Waves and Waking
Being a westerner, I’ve found that metaphors have been particularly useful for trying to understand or imagine how it’s possible that there are no separate others, that everything is God and that all the many things that appear are just that, appearances.
One of my favorite metaphors is that we people are like waves that think they are all separate, but in fact, we are the Ocean. Waves appear in all kinds of similar but different variations, different sizes, speeds, directions and depths. But at no time is any wave not part of the Ocean and it’s not really possible to say where the wave ends and the Ocean begins. God is the ocean but all we see are waves.
However, a more compelling metaphor is that of the guru who comes to you in your dreams.
Imagine yourself today falling asleep and dreaming vividly. This shouldn’t be a stretch for you to imagine since most people at one time or another have had dreams so compelling that when they awake they can remember scenes, emotions and experiences that are so fresh they feel like memories that happened while awake.
In any case, imagine that in that dream, a person approaches you and says, “wake up!” Imagine that person looks like anyone, a parent, a lover, a friend, a stranger, a guru.

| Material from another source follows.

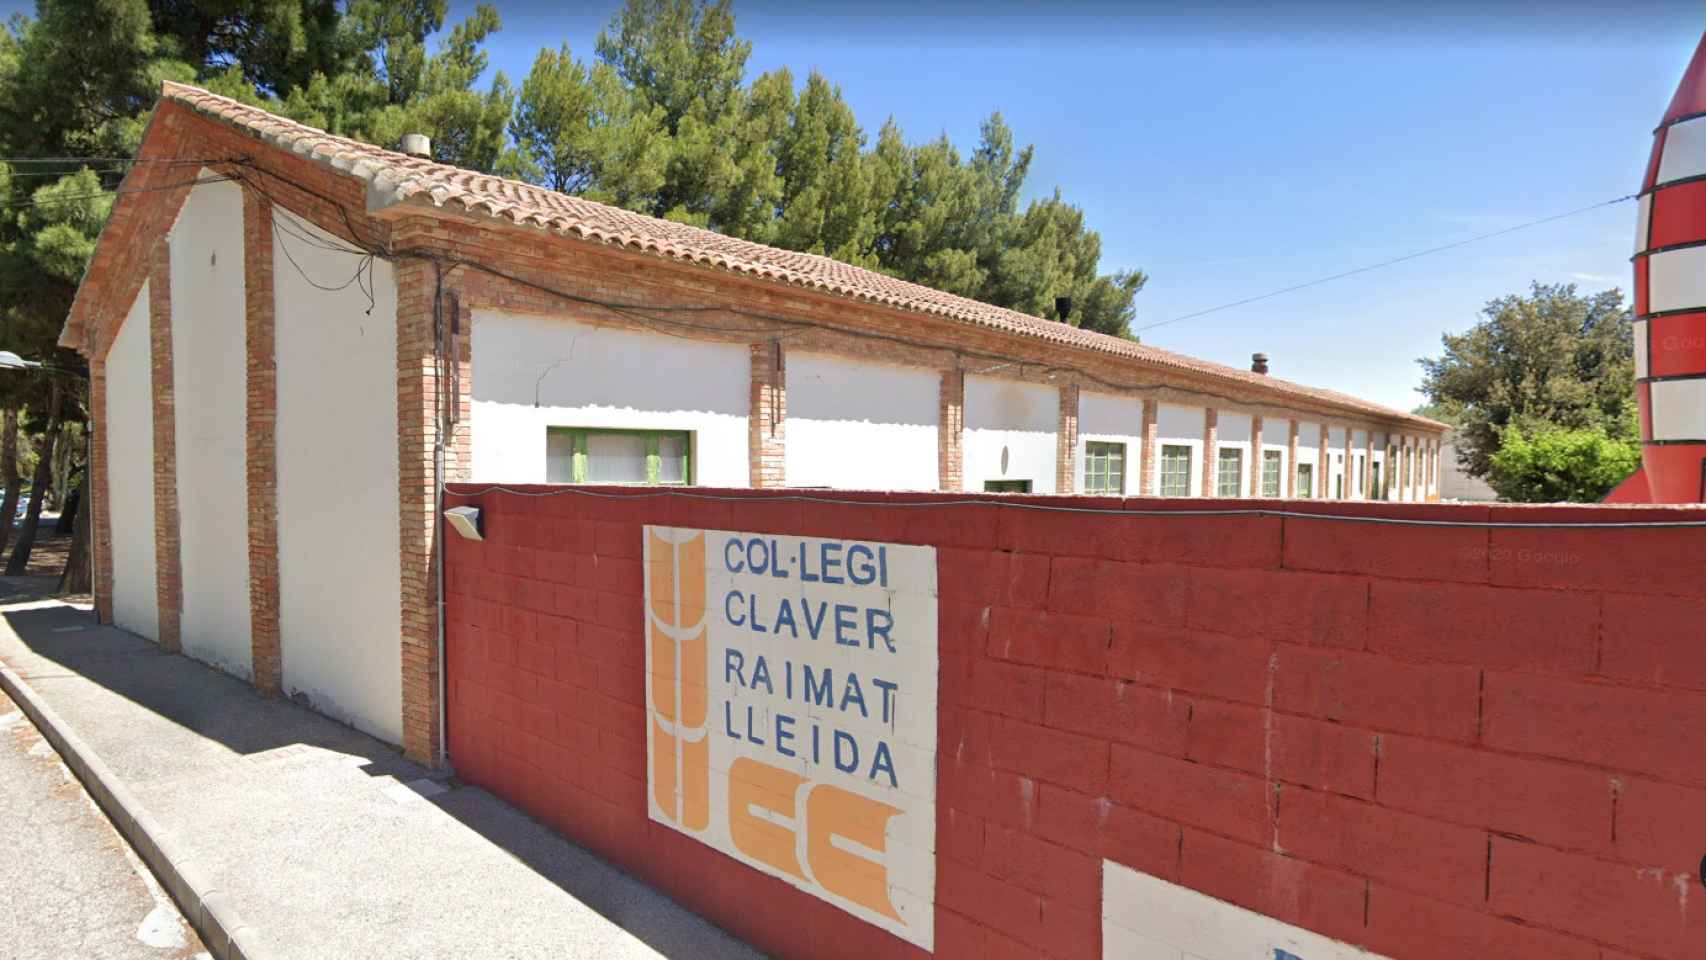 Colegio Jesuitas de Lleida Claver- Raïmat

Then imagine you do in fact wake up and remember the dream. If I were to ask you while you were awake whether that person in your dream who woke you up was in fact a separate person come to you in your dream OR your own mind or aspect of your inner sleeping self, what would you say?
Wouldn’t it seem obvious that since you were dreaming that all the images and people while you slept were in fact projections of your own self? If you dreamt of Santa Clause, you wouldn’t think, oh that was actually Santa visiting me in my dreams to organize his list?
Now think of your entire world of waking, dreaming and sleeping and everything in your experience as something like an extended dream in Consciousness in which the Guru comes to you and says, “Wake up!” Exactly as in the scenario above. That is Adi Da‘s message. He is NOT a separate being from you. He’s your own Self here to wake you.
But unlike in the dream analogy, everything other than the Guru in our current unconscious state is telling us to stay asleep to perpetuate the dream of separateness.
This analogy becomes very useful as an insight in a number of healthy and loving ways. Because it also communicates that everything I see or encounter, all apparently separate people and “objects” are that same Self. I have trouble accepting this when seeing Donald Trump on TV, but also keep waking up every day as “Cage” so the dream persists.
Recently, I listened to a talk called the Gorilla Sermon by Adi Da Samraj which I don’t remember hearing but no doubt was directly or indirectly the source of this metaphor of the Guru presenting Himself to you in the dream. In this talk he likens the “gorilla” with our death in pursuit of all beings and the consoling approach of religions that try to distract you from the gorilla hot on your heals. It’s a wonderful and humourous discourse.